- Publicity poster
- Directed by: Rouben Mamoulian
- Screenplay by: Wallace Smith
- Story by: Leo Birinsky
- Produced by: Mary Pickford Jesse L. Lasky
- Starring: Ida Lupino Leo Carrillo Nino Martini
- Cinematography: Lucien Andriot
- Edited by: Margaret Clancey
- Music by: Alfred Newman
- Distributed by: United Artists Milestone Pictures (2006 DVD release)
- Release date: October 2, 1936;
- Running time: 86 minutes
- Country: United States
- Language: English

= The Gay Desperado =

1936 film by Rouben Mamoulian

The Gay Desperado is a 1936 American musical-comedy film starring Ida Lupino, Leo Carrillo, and Nino Martini and directed by Rouben Mamoulian, produced by Mary Pickford and Jesse Lasky and originally released by United Artists. The film is a spoof of the Hollywood gangster genre.

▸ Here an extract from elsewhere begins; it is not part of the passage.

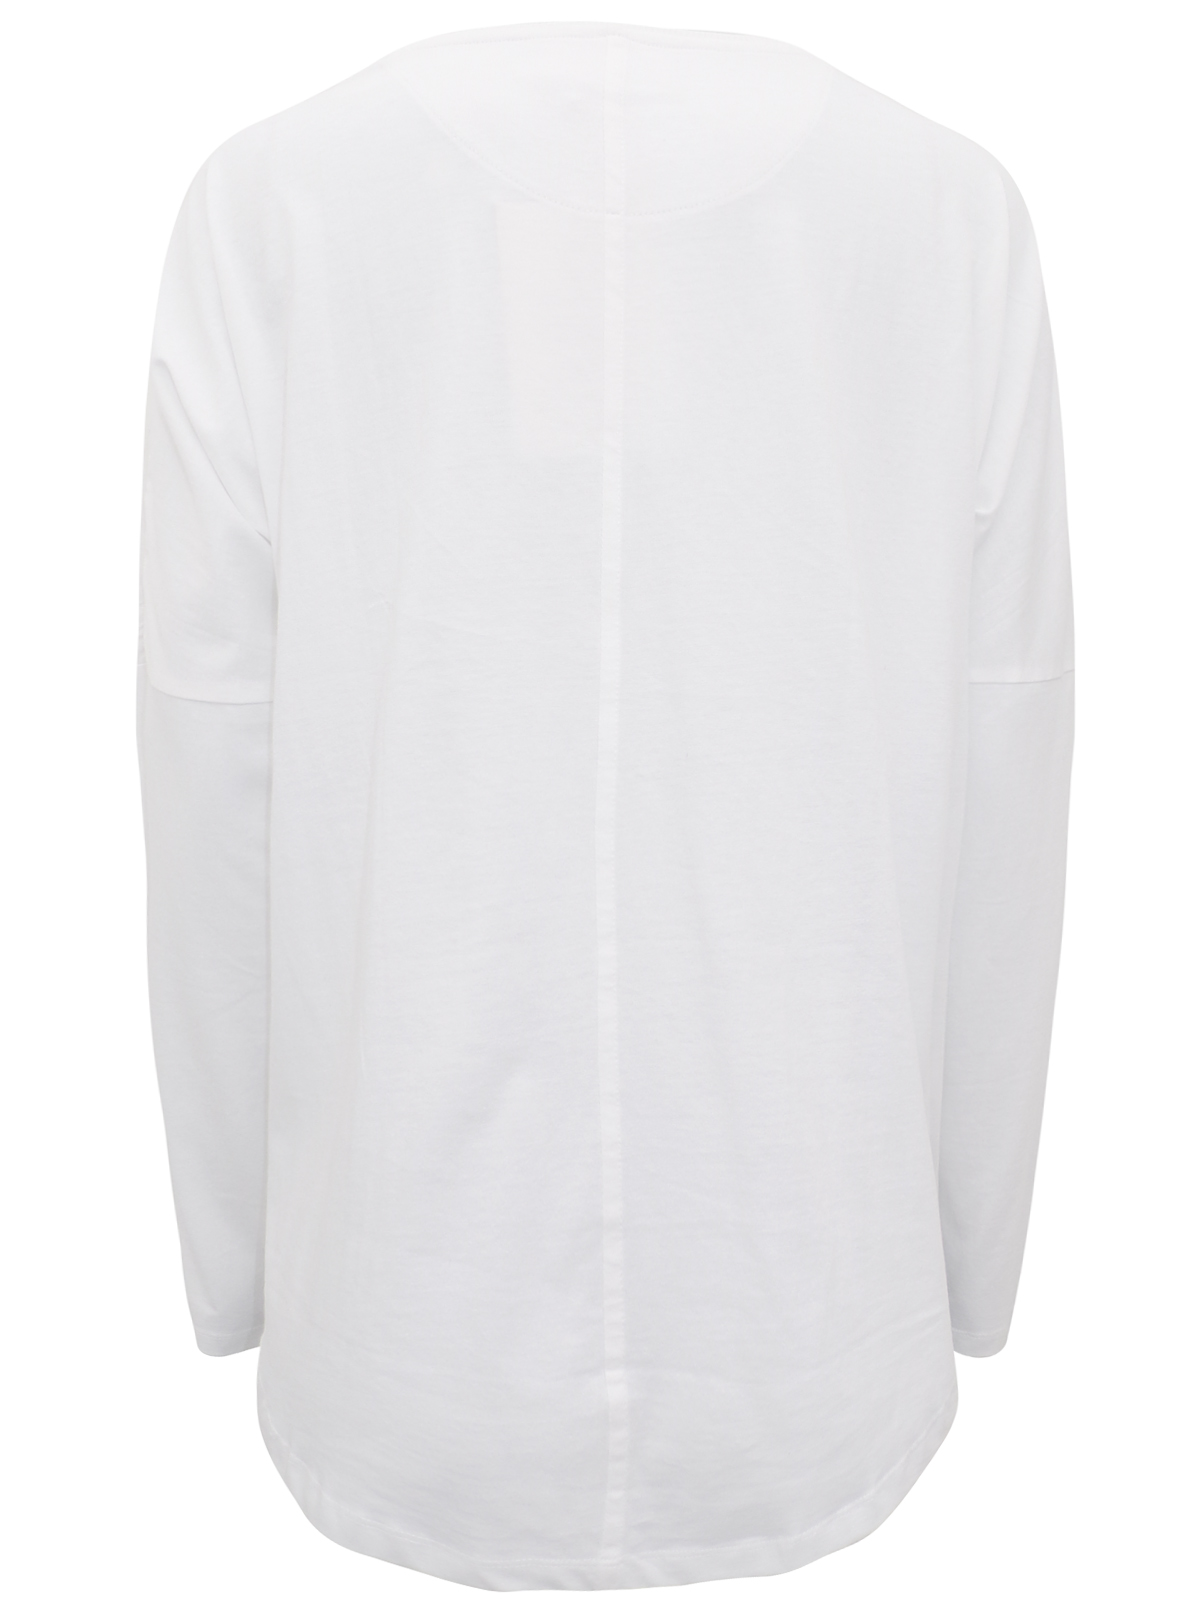 Cloth & Co - - Cloth&Co WHITE Organic Cotton Long Sleeve Top - Size 10 ...

The Gay Desperado earned the New York Film Critics Circle award for Best Director of 1936 for Mamoulian.

The film was restored by the UCLA Film & Television Archive and the Mary Pickford Foundation, and released on DVD in 2006 by Milestone Pictures after being out of distribution for many years.

Portions of the film were shot in Tucson, Arizona and show the old adobe quarter Barrio Libre of 19th Century Tucson and Mission San Xavier del Bac.

==Plot==
Gangsters in a speeding car pummel and throw a snitch from the vehicle. The camera pulls back and we discover we are viewing a film within a film, the setting of a little movie theater in rural Mexico. The audience is unimpressed by the B-rated feature, but the leader of local small-time thugs, Braganza, is enthused and wishes to emulate the movie gangsters. When he shouts his approval the theater patrons try to silence him, and a fight breaks out. The manager orders his vaudeville stage singer Chivo, to begin his operatic singing act to quell the riot. Braganza is deeply moved by his singing, and invites Chivo to join his gang. When the singer demurs, they take him to the local radio station to perform.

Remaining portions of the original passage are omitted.